Problems with Zebra index

Oliver Goldschmidt

23 Jul 2013 23 Jul '13

9:29 a.m.

Hi Koha community, I am new to Koha and have spent the last week with trying to feed the Zebra index with our bibliographic records. This turned out to be pretty difficult. I have successfully imported our records (about 600.000) to the Koha database. Then I tried to use rebuild_zebra.pl to put the records into the index. This failed due to disk space reasons: I have 100 GB disk space reserved for the Zebra index (mounted on /var/lib/koha) and have split this space in zebra config into 45 GB for the shadow directory and 45 GB for the register directory. This was not sufficient, which I think is a little bit weired, because I think 600.000 records should not take so much space... So, my first question: is that normal? Does Zebra need so much disk space for the index? What are the directories register and shadow exactly for? Next try was indexing with rebuild_zebra_sliced.sh. I used the default value of 10000 for the chunks. First I got an error, I guess because a configuration value was not set properly (the script did not find index_mode; so I set it manually to "dom", which I guessed should be the correct value for indexing marcxml). After fixing that manually, I succeeded to split my export file into 59 10000-record-chunks. I tried to index the first two chunks and that seemed to work without problems for the first chunk (but it finished very fast, which made me wonder if Koha really did something - I just realized, that the marcxml file was not valid - but why didn't I get an error?). For the second chunk, there were two messages (unfortunaltely I cannot recall them). This is the command I used to do that: zebraidx -c /etc/koha/sites/koha/zebra-biblios.cfg -v none,fatal,warn -g marcxml -d biblios update /tmp/rebuild/export/biblio/exported_records_1000001 But now, when I search in the Koha opac for an "e" for example, I still get no results. Though the index seems to be empty, but actually there are files in /var/lib/koha/koha/biblio/shadow. Is there a way to look into the Zebra index directly? I have no idea where to look next. Does anybody have any hint about that? Any help would be appreciated. Best -Oliver -- Oliver Goldschmidt TU Hamburg-Harburg / Universitätsbibliothek / Digitale Dienste Denickestr. 22 21071 Hamburg - Harburg Tel. +49 (0)40 / 428 78 - 32 91 eMail o.goldschmidt@tuhh.de -- GPG/PGP-Schlüssel: http://www.tub.tu-harburg.de/keys/Oliver_Marahrens_pub.asc

Show replies by date

Oliver Goldschmidt

23 Jul 23 Jul

11:12 a.m.

I retried indexing the first chunk after I corrected the XML. So here are the warning messages I got from zebraidx: 10:45:10-23/07 zebraidx(14513) [warn] Couldn't open collection.abs [No such file or directory] 11:11:49-23/07 zebraidx(14513) [warn] Record didn't contain match fields in (bib1,Local-number) The first one appeared when I started indexing, the second appaered when indexing ended. I still do not find anything, when I search in the Koha opac for an "e". Best - Oliver Am 23.07.2013 10:29, schrieb Oliver Goldschmidt:

...

Hi Koha community,

I am new to Koha and have spent the last week with trying to feed the Zebra index with our bibliographic records. This turned out to be pretty difficult. I have successfully imported our records (about 600.000) to the Koha database. Then I tried to use rebuild_zebra.pl to put the records into the index. This failed due to disk space reasons: I have 100 GB disk space reserved for the Zebra index (mounted on /var/lib/koha) and have split this space in zebra config into 45 GB for the shadow directory and 45 GB for the register directory. This was not sufficient, which I think is a little bit weired, because I think 600.000 records should not take so much space... So, my first question: is that normal? Does Zebra need so much disk space for the index? What are the directories register and shadow exactly for?

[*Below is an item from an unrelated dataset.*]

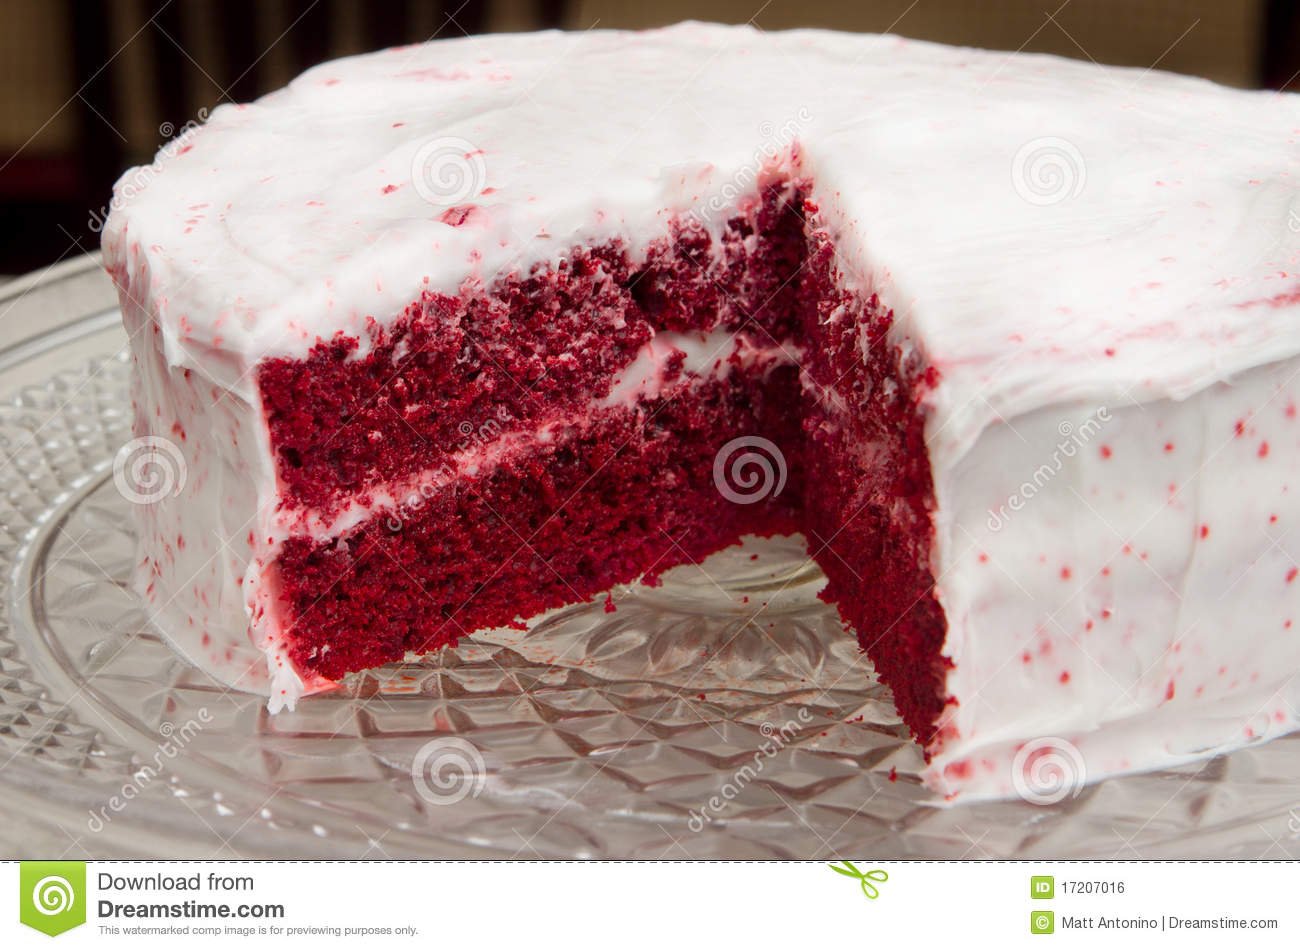 Red Velvet Cake Royalty Free Stock Image   Image  17207016

Next try was indexing with rebuild_zebra_sliced.sh. I used the default value of 10000 for the chunks. First I got an error, I guess because a configuration value was not set properly (the script did not find index_mode; so I set it manually to "dom", which I guessed should be the correct value for indexing marcxml). After fixing that manually, I succeeded to split my export file into 59 10000-record-chunks. I tried to index the first two chunks and that seemed to work without problems for the first chunk (but it finished very fast, which made me wonder if Koha really did something - I just realized, that the marcxml file was not valid - but why didn't I get an error?). For the second chunk, there were two messages (unfortunaltely I cannot recall them). This is the command I used to do that:

zebraidx -c /etc/koha/sites/koha/zebra-biblios.cfg -v none,fatal,warn -g marcxml -d biblios update /tmp/rebuild/export/biblio/exported_records_1000001

But now, when I search in the Koha opac for an "e" for example, I still get no results. Though the index seems to be empty, but actually there are files in /var/lib/koha/koha/biblio/shadow. Is there a way to look into the Zebra index directly? I have no idea where to look next.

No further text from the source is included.